# Carmelite Convent, West Sussex



## Chopper (Nov 6, 2013)

This is my first report on here, so please be nice 
I like to pretend I was going for a particular effect with the orange-ness of the photo's...In truth, It's a crap camera that was on 'cloudy day' settings :/ I learned from my mistake, after about 3 explores!

The Carmel dates back to 1678. In penal times, girls who wished to follow a religious vocation were obliged to leave their native England and live in exile on the Continent. However, when French troops overran the Low Countries in 1794, the nuns, together with many other similar communities, were forced to flee and seek refuge in England.
As such, the Convent was built in 1870.

It was used for the last time in 1994. Because of dwindling numbers of Nuns and Mass attendees, and rising costs of maintenance, the decision was made to sell up and merge with Sclerder Abbey, near Looe in Cornwall.

In 2009, the Chapel caught on fire and was destroyed. Arson was never proven, but never ruled out.
Thankfully, only the chapel was damaged by fire; the rest of the convent remains seemingly untouched and well sealed. Hopefully, this will keep out any future scumbags!





















































Thanks for looking guys!


----------



## mockingbird (Nov 6, 2013)

some nice shots there, also something I have never seen


----------



## Chopper (Nov 6, 2013)

Thank you!


----------



## flyboys90 (Nov 6, 2013)

Great pics.


----------



## cunningplan (Nov 6, 2013)

Passing in a couple of weeks, could well be worth a look, Thanks for posting and great photos


----------



## UrbanX (Nov 6, 2013)

Sweet! Great first report!  
WTF are those appliances doing there?! 
Great work, keep it up


----------



## Stealthstar79 (Nov 7, 2013)

Bet it was beautiful back in the day!
Great first report,
Thanks!


----------



## smiler (Nov 7, 2013)

UrbanX said:


> Sweet! Great first report!
> WTF are those appliances doing there?!
> Great work, keep it up





Maybe it wasn’t arson, maybe it was a chip pan fire.

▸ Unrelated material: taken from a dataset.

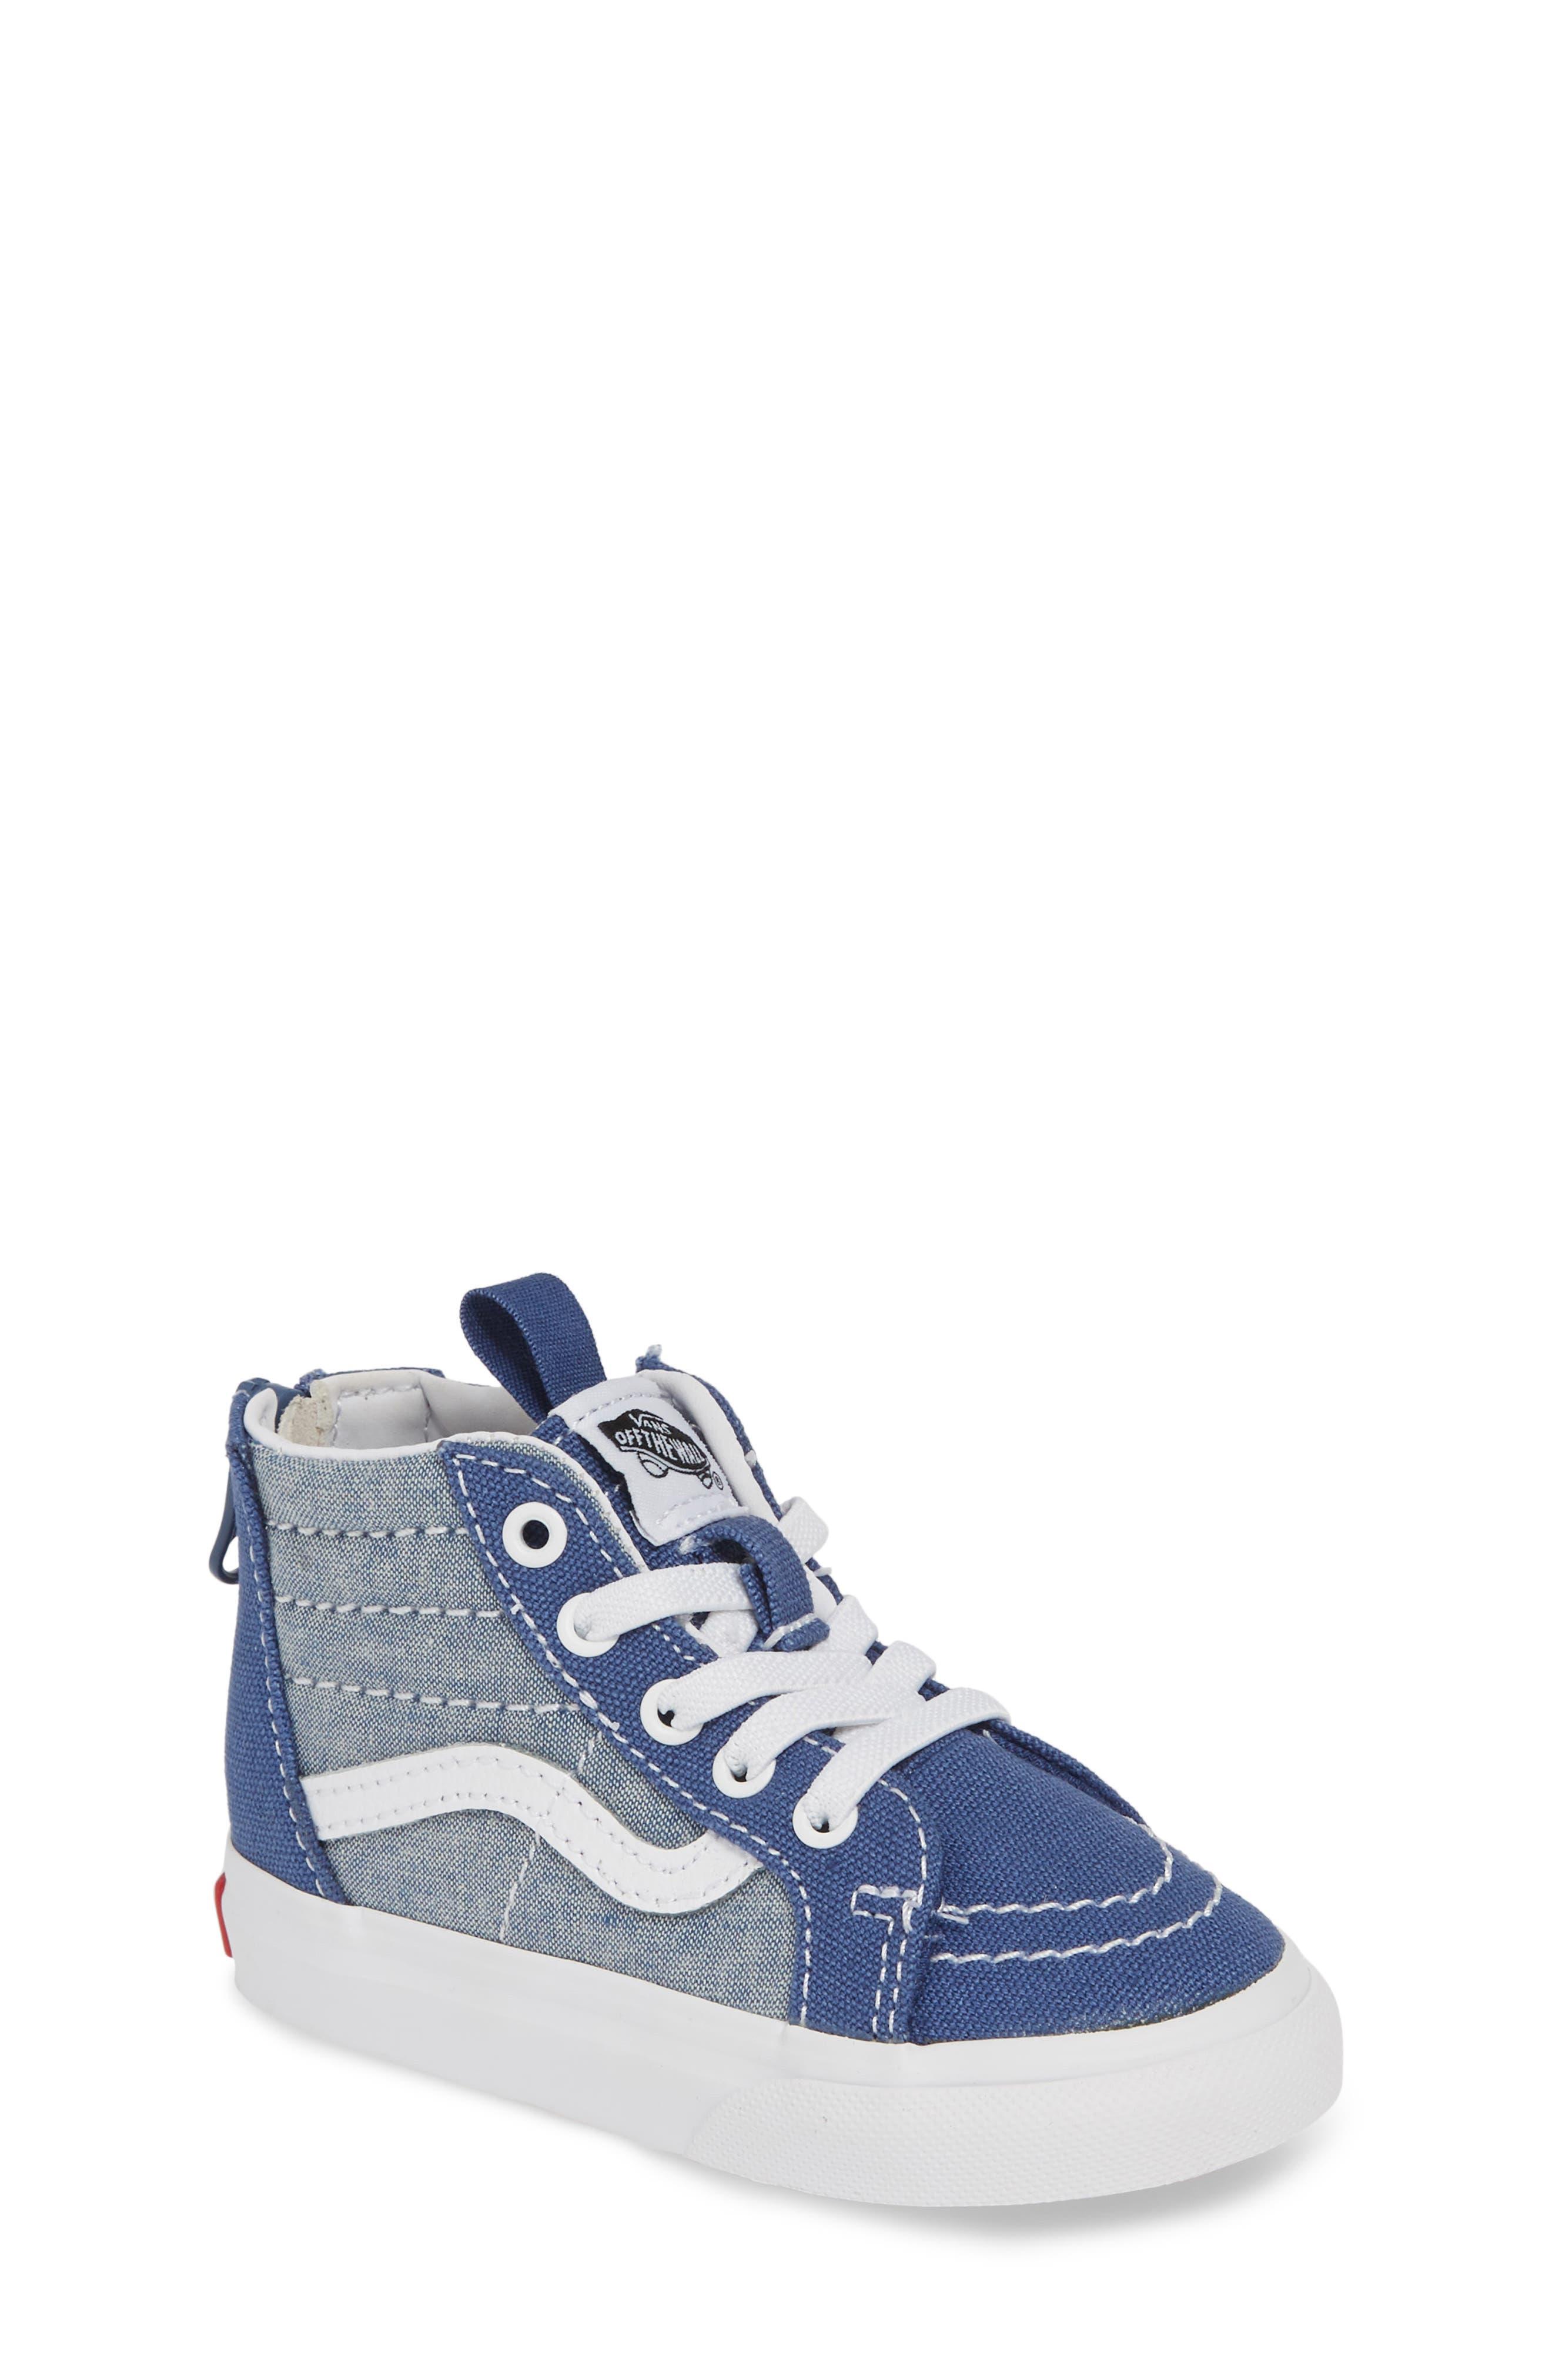 VANS 'Sk8-Hi' Sneaker, Main, color, CHAMBRAY CANVAS NAVY/ WHITE

Nice pics I enjoyed looking, Thanks


----------



## Urban X (Feb 3, 2014)

Hey Chopper.This looks like a great site to start with.I'm in the area,so i think this will be the next one i check out.
Nice pic by the way


----------



## cunningplan (Feb 3, 2014)

Urban X said:


> Hey Chopper.This looks like a great site to start with.I'm in the area,so i think this will be the next one i check out.
> Nice pic by the way



Good luck and hope your a good climber  and looking forward to the photos


----------



## krela (Feb 3, 2014)

cunningplan said:


> Good luck and hope your a good climber  and looking forward to the photos



There's a reason we call him monkeyboy.


----------



## Squeakist (Feb 3, 2014)

Superb pics, and I like the orange hue


----------